---------- DATA SHOWN

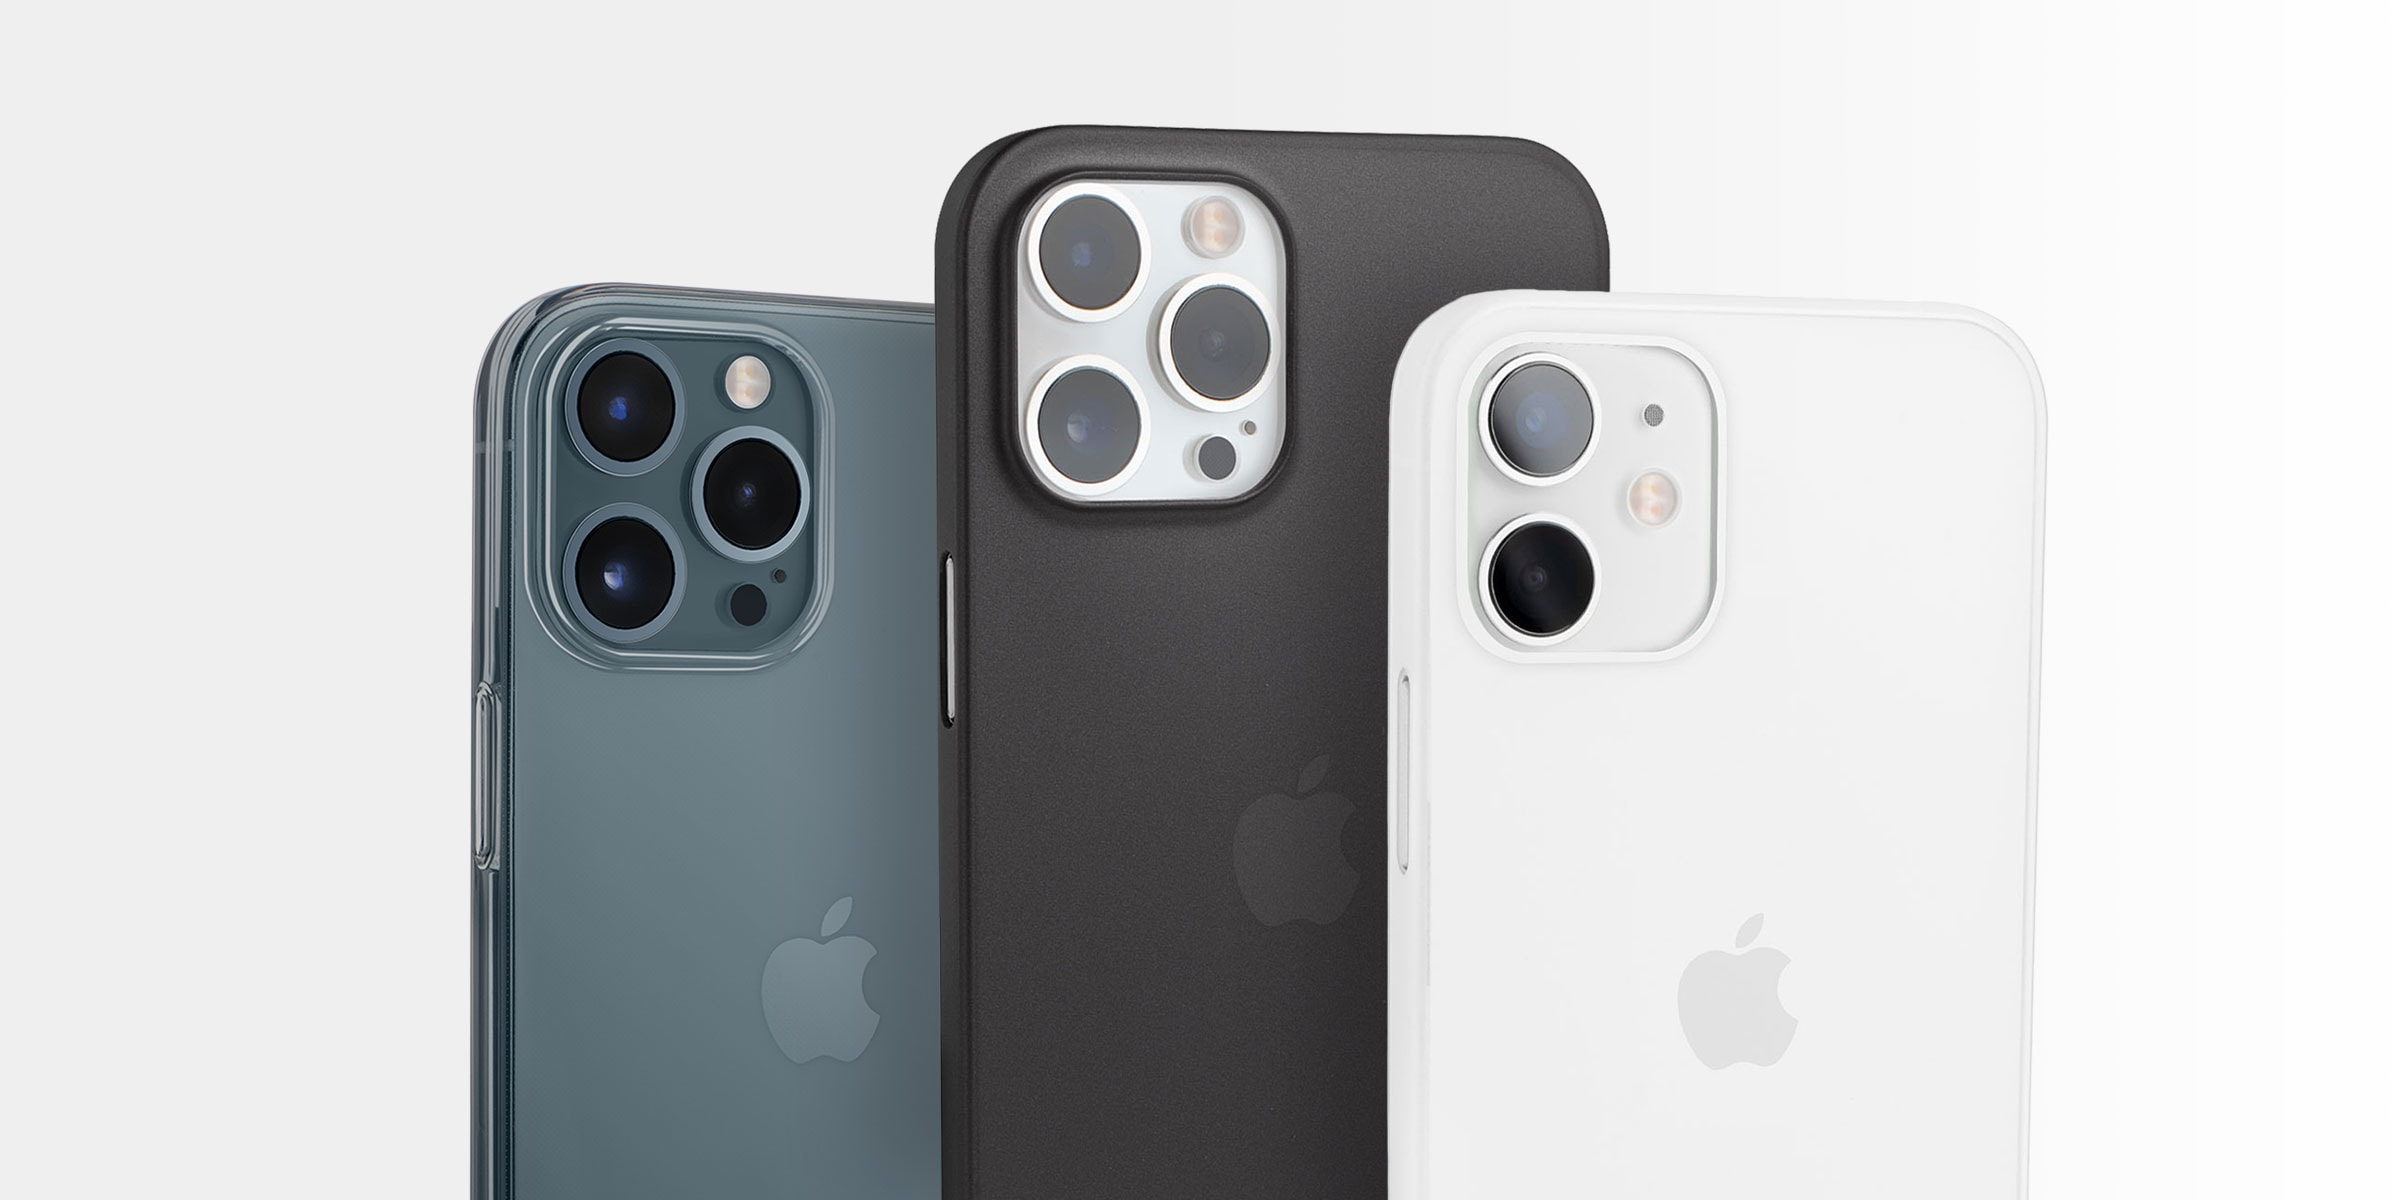 Totallee's thin iPhone 12 cases feature a raised lip that helps protect the cameras.
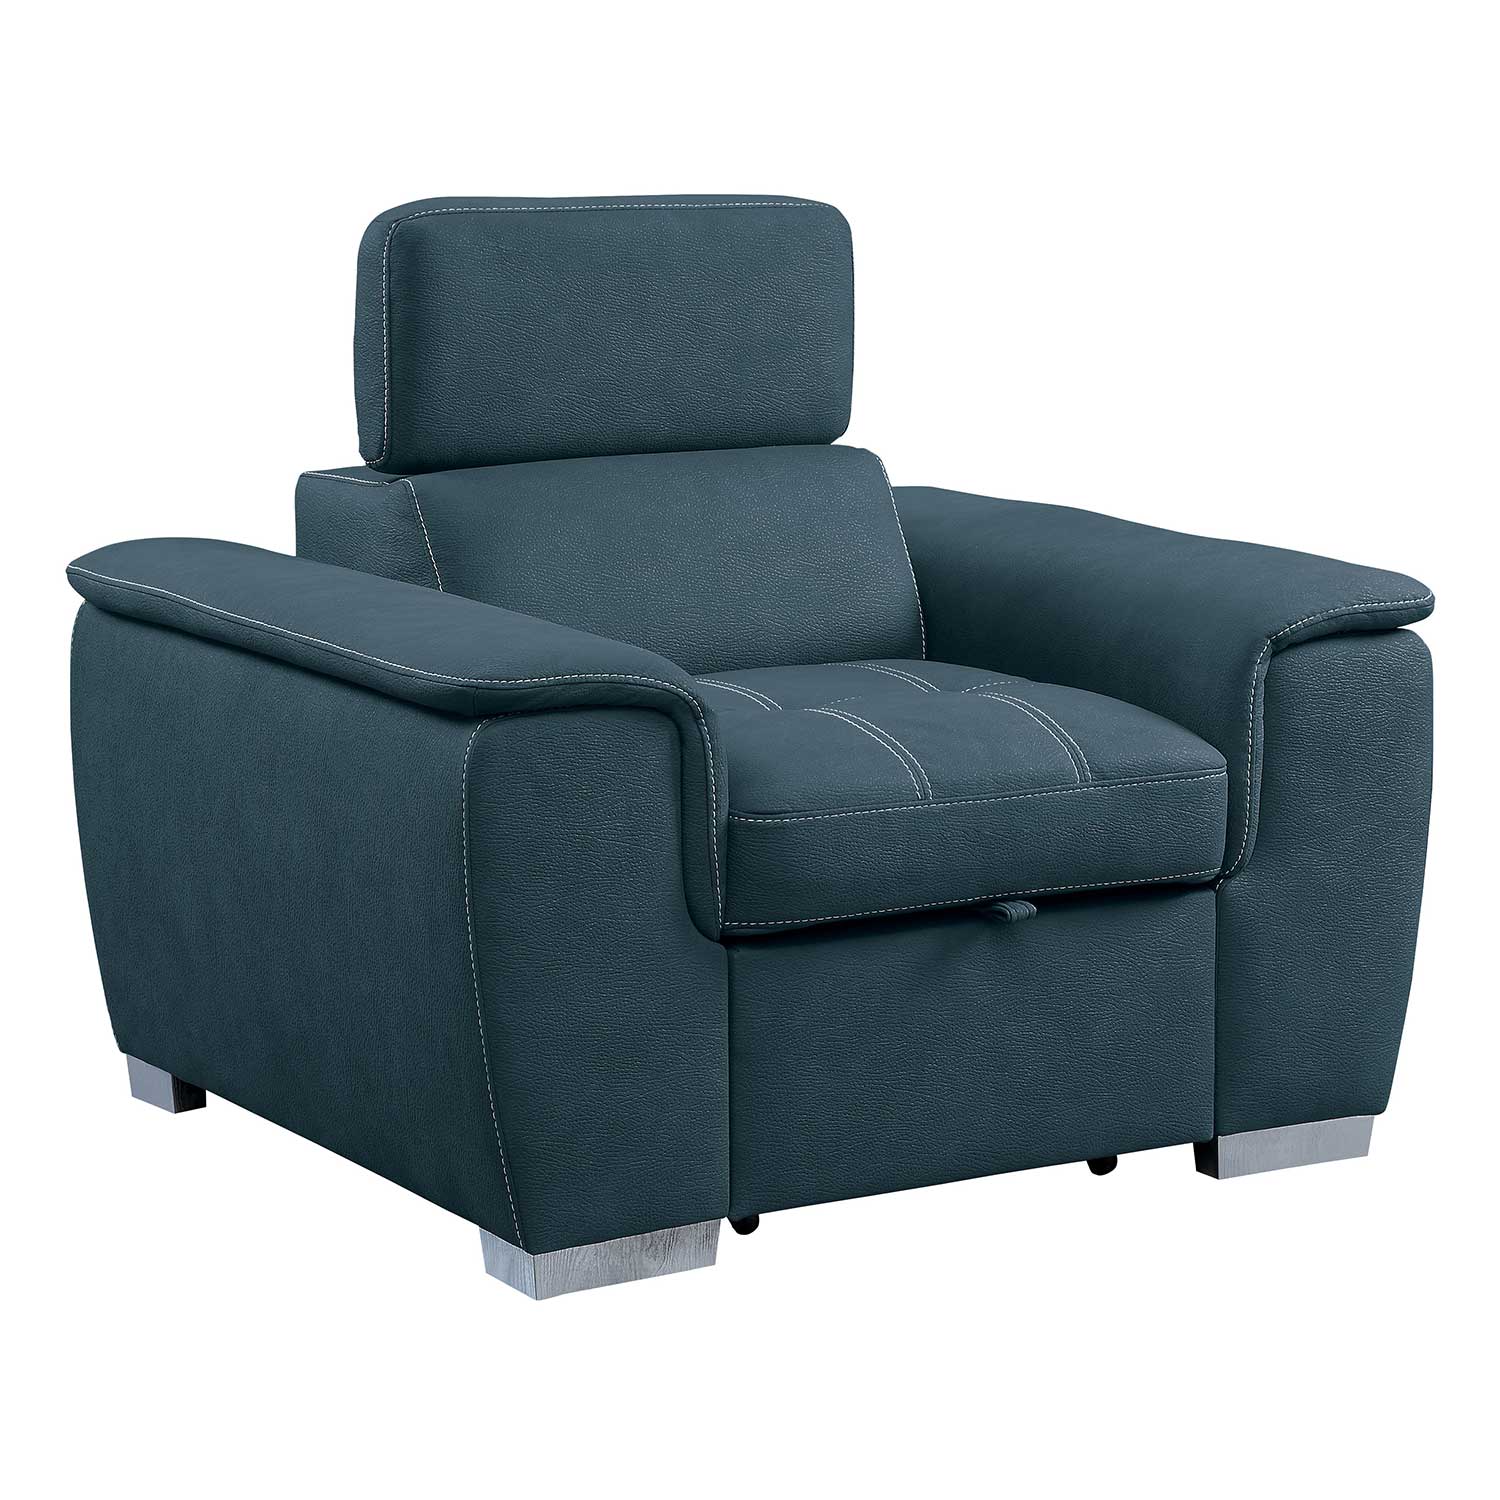 Homelegance Ferriday Chair with Pull-out Ottoman - Blue
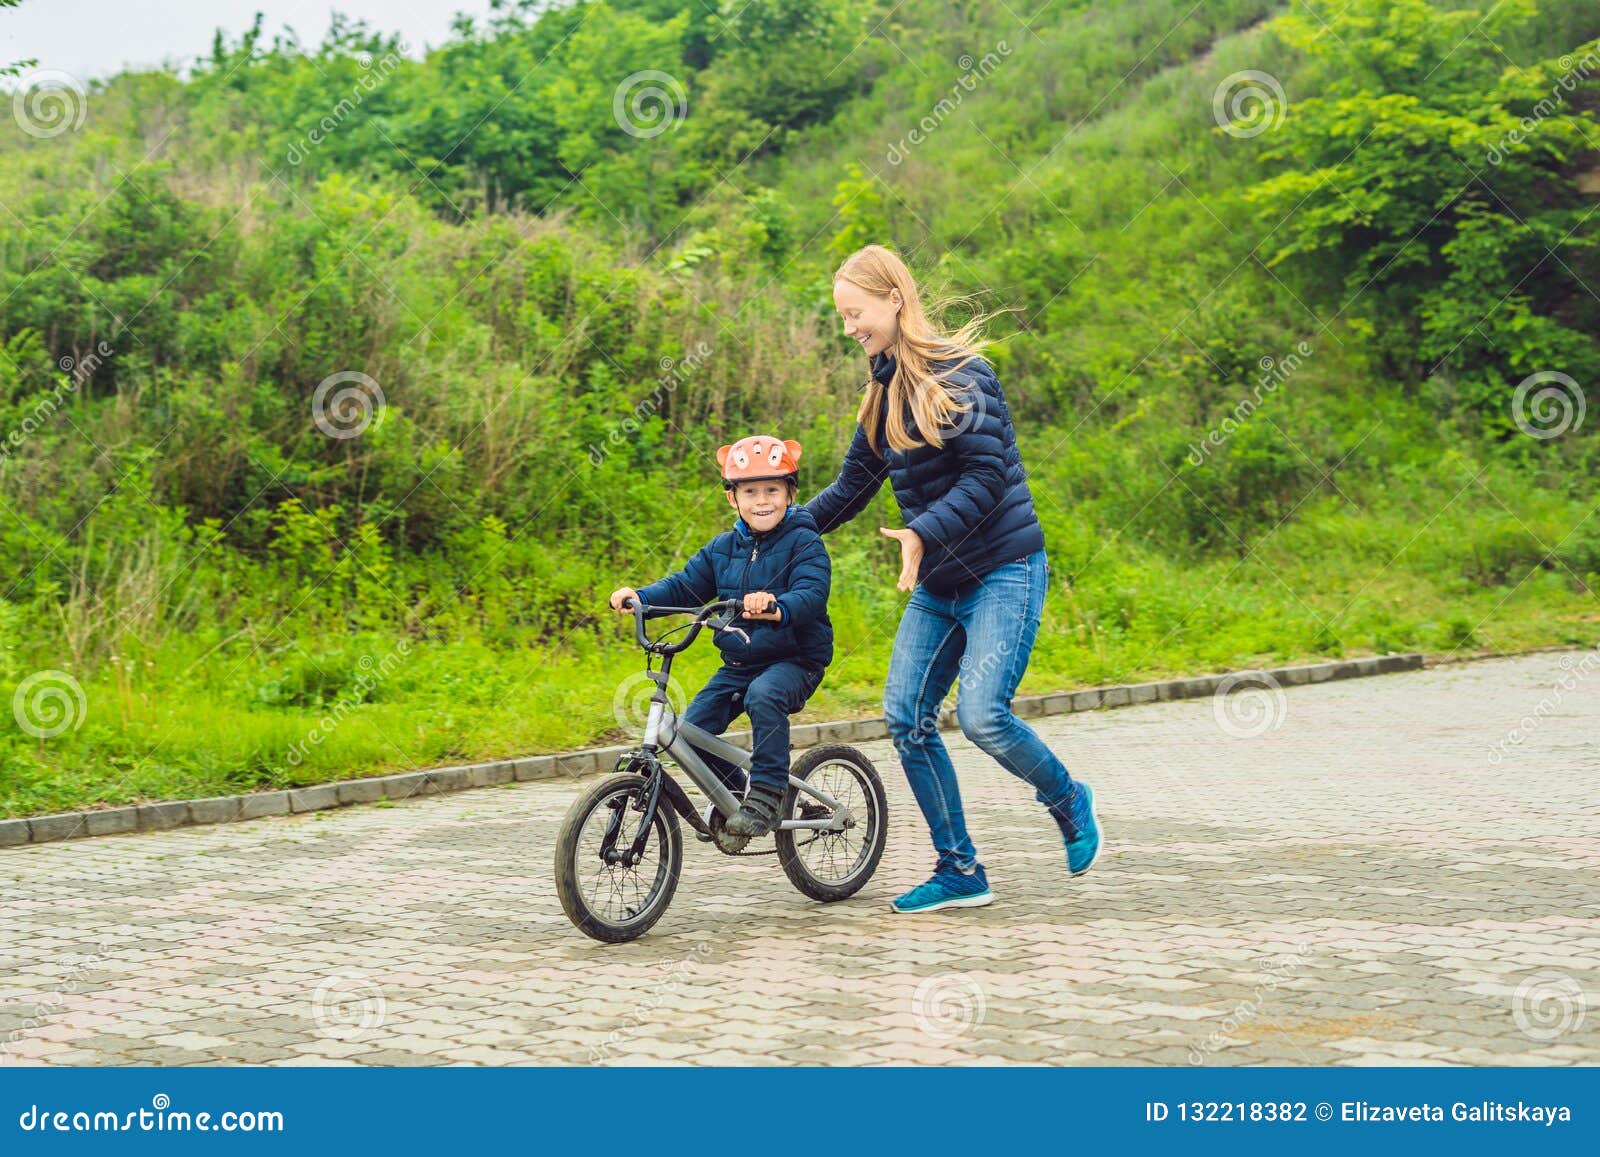 Mom Teaches Son To Ride a Bike in the Park Stock Photo

--------------------

TASK TO COMPLETE:
Leaving the pictures aside, transcribe only the lines from the one containing "Homelegance Ferriday Chair" to the final line of the listing above, inclusive, exactly as they appear.

TASK RESPONSE:
 Homelegance Ferriday Chair with Pull-out Ottoman - Blue
 Mom Teaches Son To Ride a Bike in the Park Stock Photo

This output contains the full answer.